As typhoon Ulysses left a destructive path along parts of Luzon and Metro Manila, a familiar name — Project NOAH — re-surfaced the interwebs and even trended in Philippine social media.

project noah logo - Why We Don’t Need Project NOAH Anymore?

What is Project NOAH?

An acronym for the Nationwide Operational Assessment of Hazard (NOAH), the project was publicly launched in July 2012 by then President Benigno Simeon Aquino III as a response to the call for a more accurate, integrated, and responsive disaster prevention and mitigation system (post typhoon Sendong of December 2011).

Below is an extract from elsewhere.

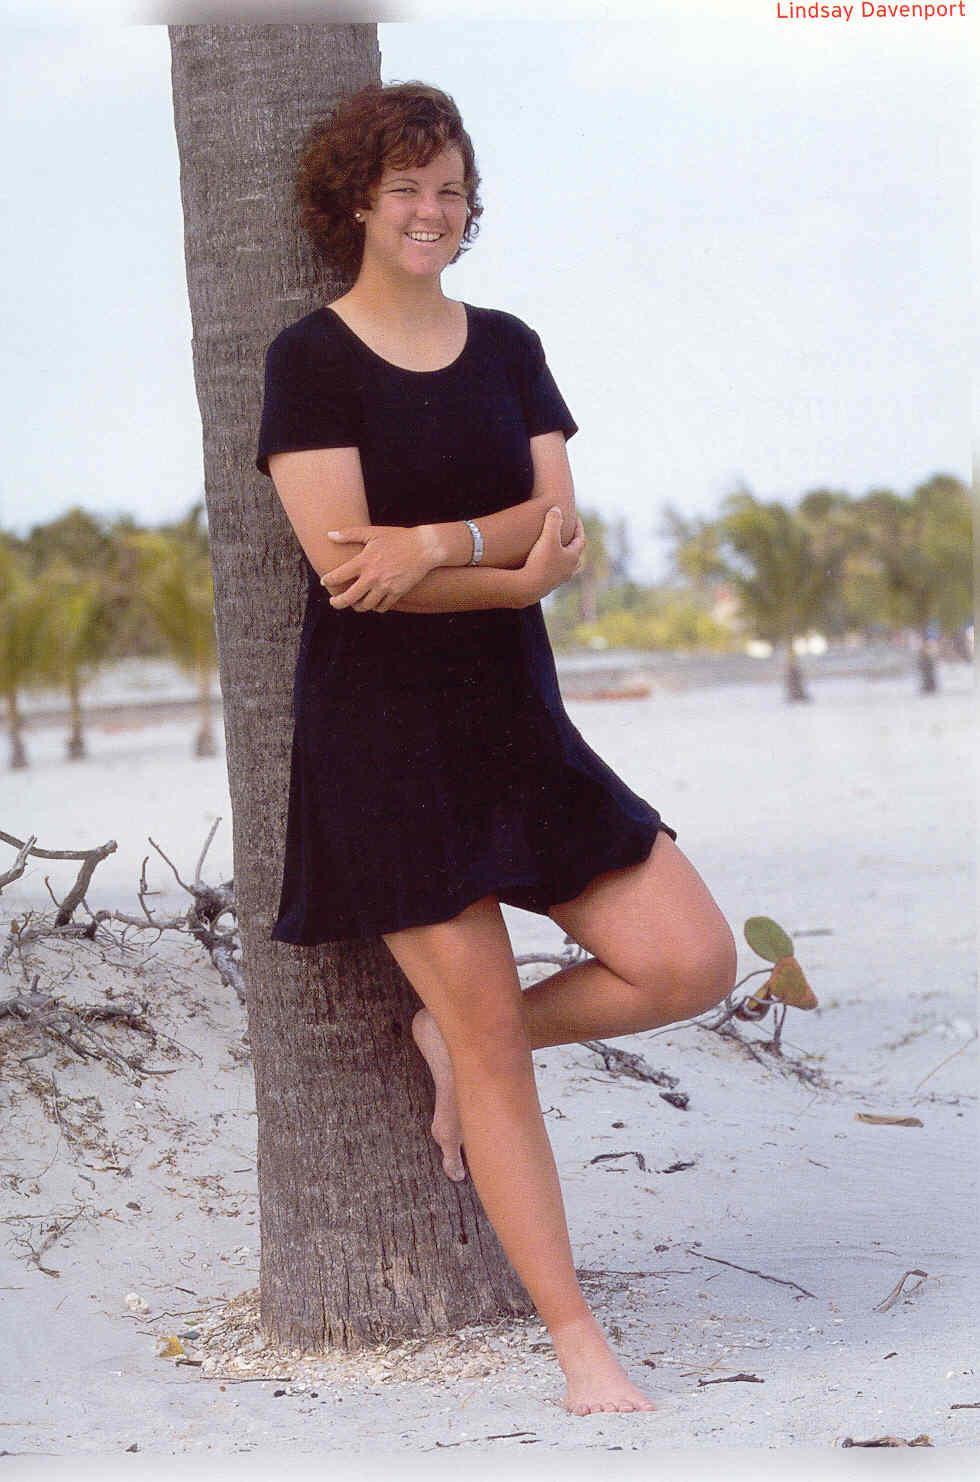 Lindsay Davenport s Feet wikiFeet

Under the direct supervision and authority of the Department of Science and Technology (DOST), Project NOAH had eight (08) major components:

  1. Distribution of Hydrometeorological Devices in hard-hit areas in the Philippines (Hydromet)
  2. Disaster Risk Exposure Assessment for Mitigation – Light Detection and Ranging (DREAM-LIDAR) Project
  3. Enhancing Geohazards Mapping through LIDAR
  4. Coastal Hazards and Storm Surge Assessment and Mitigation (CHASSAM)
  5. Flood Information Network (FloodNET) Project
  6. Local Development of Doppler Radar Systems (LaDDeRS)
  7. Landslide Sensors Development Project
  8. Weather Hazard Information Project (WHIP)

On October 2012, the DOST together with Smart Communications launched the mobile application of Project NOAH, which was originally prototyped as an HTML5 webapp.

After receiving various awards both locally and abroad, the effectiveness of the project’s real-time weather data and hazard maps — both part of the “flagship disaster prevention and mitigation program” of the Philippines — is something that all Filipinos cannot ignore.

On January 2017, the current administration decided to pull the plug of Project NOAH — leaving its team a tenure of up to February 2017 only. 

But fret not, it may also be worth noting that as early as 2015 (still during the reign of President BS Aquino), the scientists and staff working under Project NOAH were made aware by DOST officials that they no longer have funds for the project. In addition, it was around February 2017 when the PAGASA (Philippine Atmospheric Geophysical and Astronomical Services Administration) received two (02) doppler radars from the Japan International Cooperation Agency (JICA), boosting their weather prediction capabilities to another level.

What Happened to Project NOAH?

The “sudden” defunding of Project NOAH in 2017 received mix reactions from Filipinos. To some, it is a proof that the current administration do not value the contributions of the project (and the people behind it) to mitigate upcoming natural calamities and disasters.

Little did many know, with just days before it gets shutdown on 28 February 2017, the University of the Philippines “adopted” Project NOAH to operate beyond DOST’s funding.

On June 2017, the UP Resilience Institute was relaunched with what is known now as the UP NOAH Center [https://center.noah.up.edu.ph/] and the Project NOAH webapp is still online via http://noah.up.edu.ph/. 

Do not compare the former Project NOAH to the present-day PAGASA or even the National Disaster Risk Reduction and Management Council (NDRRMC).

In fairness on how the PAGASA predicts our weather now, as an AvGeek, I am well contented and happy. PAGASA’s weather forecasting has indeed improved over these past few years. With highly skilled and competent meteorologists coupled with modern equipment, the weather agency can now give heavy rainfall, thunderstorms, and even lightning warnings within the span of one (01) to two (02) hours — plus, they are also active on social media.

There is also a bill in the Philippine Congress for the creation of the Department of Disaster Resilience, which will soon be responsible for leading, organizing, and managing national effort to reduce disaster risk, prepare for and respond to disasters. As of September 2020, this bill has been approved on the third and final reading.

Project NOAH has served its purpose under the DOST. For one, projects are not meant to run forever. Project NOAH has moved on. We should, too.